Life after D-notices: Australia can learn from Britain’s updated system

For decades, Britain and Australia had much the same process for regulating media handling of defence secrets. It was the D-notice system, under which media would be asked not to publish.

The two countries diverged when, around 1982, Australia’s much-maligned D-notice system fell into disuse. Britain kept but progressively overhauled its framework, eventually creating the Defence and Security Media Advisory (DSMA) system in 2015.

Something like Britain’s DSMA system could have significant benefits for Australian government and media and has been recommended by, for instance, the Independent National Security Legislation Monitor. Although the present monitor, Jake Blight, assesses that Australian government and media don’t trust each other enough to make it work.

A successful Australian system would require deliberate steps to build the trust which underpins the British system. But this could be achievable through: careful appointments, a media-led approach (including a media-majority committee), a clear separation from national security laws, and ongoing engagement between the press and national security agencies.

A healthy tension between government and the media is fundamental to democracy, ensuring transparency while holding power to account. In national security, however, this balance is particularly delicate—too much disclosure can compromise capabilities and lives, while excessive secrecy risks unchecked power, eroding public trust and democratic oversight. Balance is essential to safeguard national security and maintain confidence in the institutions that protect it.

A structured space for dialogue between government and media could help balance openness and security by allowing the government to convey national security concerns and ensuring the media’s editorial independence.

Today in Britain, the DSMA Committee oversees a voluntary system centred on five standing DSMA-notices covering military operations, weapons systems, military and intelligence techniques, physical property and assets, and personnel (and their families) who work in sensitive positions.

Each notice sets out why inadvertent disclosure of certain information should be prevented and requests that editors and journalists seek advice from the DSMA secretary before publicly disclosing related material. The DSMA Committee meets twice a year (and other times as necessary) to consider these notices, the system as a whole and requests for advice.

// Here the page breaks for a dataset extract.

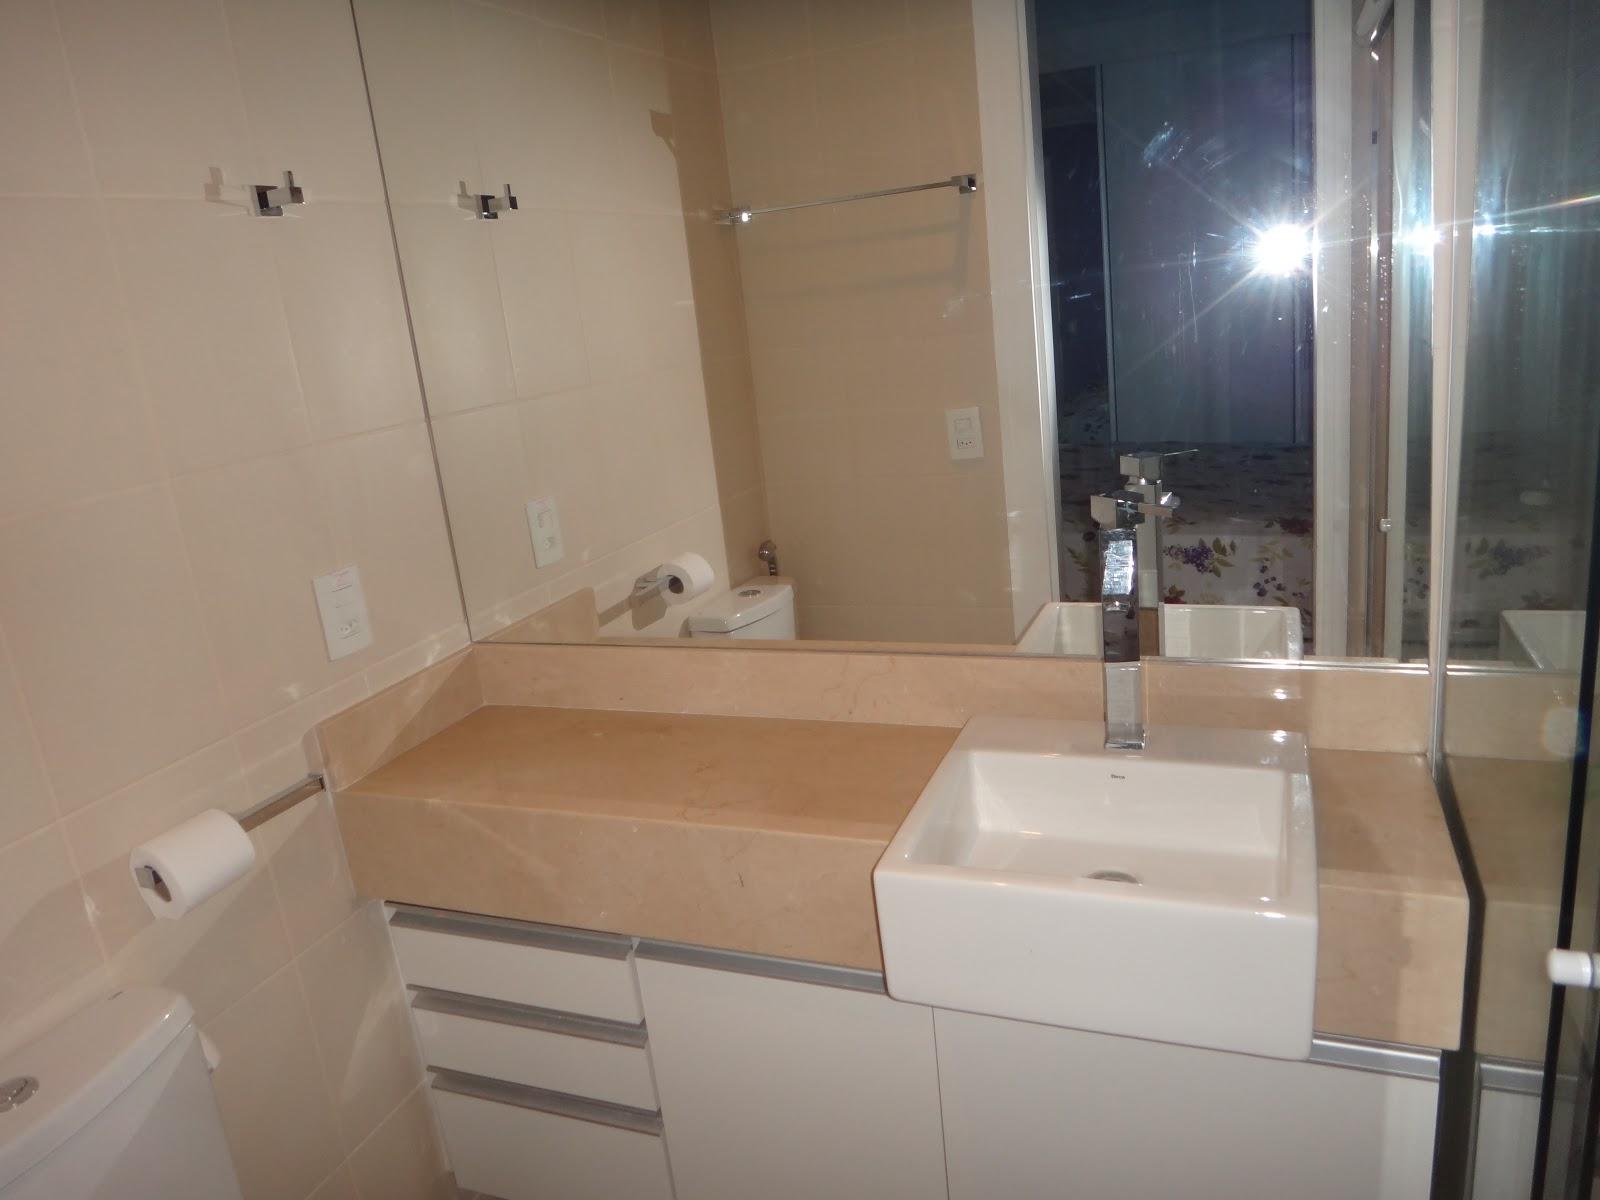 Condomínio Kawai * Freguesia*: Dezembro 2012 #7F654C 1600x1200 Armario Para Banheiro De Blindex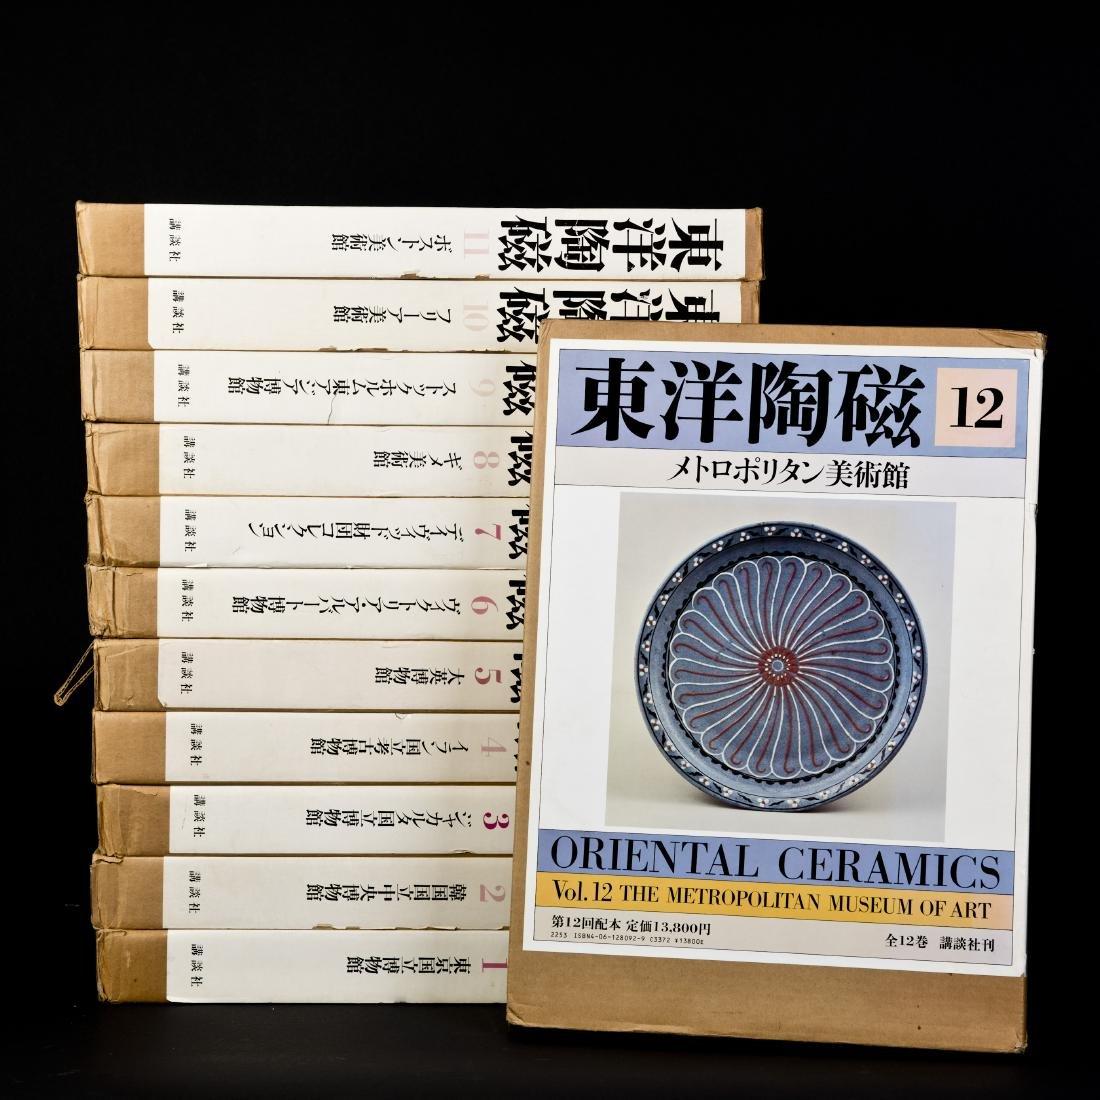 12-VOLUME SET OF BOOKS ON ORIENTAL CERAMIC WORKS

The DSMA Secretariat comprises Secretary Brigadier (Retired) Geoffrey Dodds, assisted by Deputy Secretaries Captain (Retired) Jon Perkins and Lieutenant Commander (Retired) Stephen Dudley. The wider committee includes senior officials from the Home Office, Ministry of Defence, Foreign Office and Cabinet Office on the government side.

Balancing this, 20 senior media representatives—including chief editors from major print and digital outlets—ensure broad industry engagement and representation. The committee operates at the intersection of national security and press freedom: it is chaired by the Ministry of Defence’s director general of security policy, supported by ITN’s head of compliance as vice-chair.

In contrast to the now defunct D-notice approach, the DSMA system is widely regarded in a positive light by, remarkably, both media and government actors. It holds significant promise for Australia, which could learn four key lessons from Britain.

First, the secretary must have full security access and extensive experience and must earn the trust and backing of media representatives. This is an important but challenging requirement. The appointment of trusted individuals shifts the focus away from the unrealistic goal of full institutional trust and instead ensures credibility through the reputation and independence of key personnel.

Second, the committee must be media-led. It consists of a strong majority of respected industry professionals who uphold press freedom, public interest and expertise in media practices.

Third, the DSMA system must remain advisory. It operates within the editorial sphere to balance national security and public access to information, free from legal enforcement or censorship. Clear separation between the system and national security laws prevents legal entanglements and ensures the process remains advisory rather than regulatory, let alone investigative or prosecutorial.

Finally, the system must be genuinely voluntary. An editor or journalist can choose to ignore DSMA advice. Trust will develop in practice rather than existing as a prerequisite through education and ongoing engagement between media and security officials.

Altogether, the idea of ‘slapping a D-notice’ on something as a form of censorship does not apply. The committee’s media-led nature means the secretariat draws insights from leading editors and media players in formulating its advice, which carries the weight of those actors as well as the secretariat itself.

Ultimately, the DSMA system’s relative success lies in trust, respect and shared interests. At their core, media and government serve the public interest. Neither is interested in unethical (or even sloppy) journalism. Both pursue the well-being and security of the nation and its people.

What can emerge from the DSMA system are negotiated outcomes in which crucial parts of a story can be told (from a journalist’s perspective) without disclosing truly problematic information (from a security standpoint). That discussion must be had from a position of mutual trust and respect.

This article has been corrected to say that the Australian D-notice system fell into disuse around 1982 and to correctly state the title ‘Independent National Security Legislation Monitor’.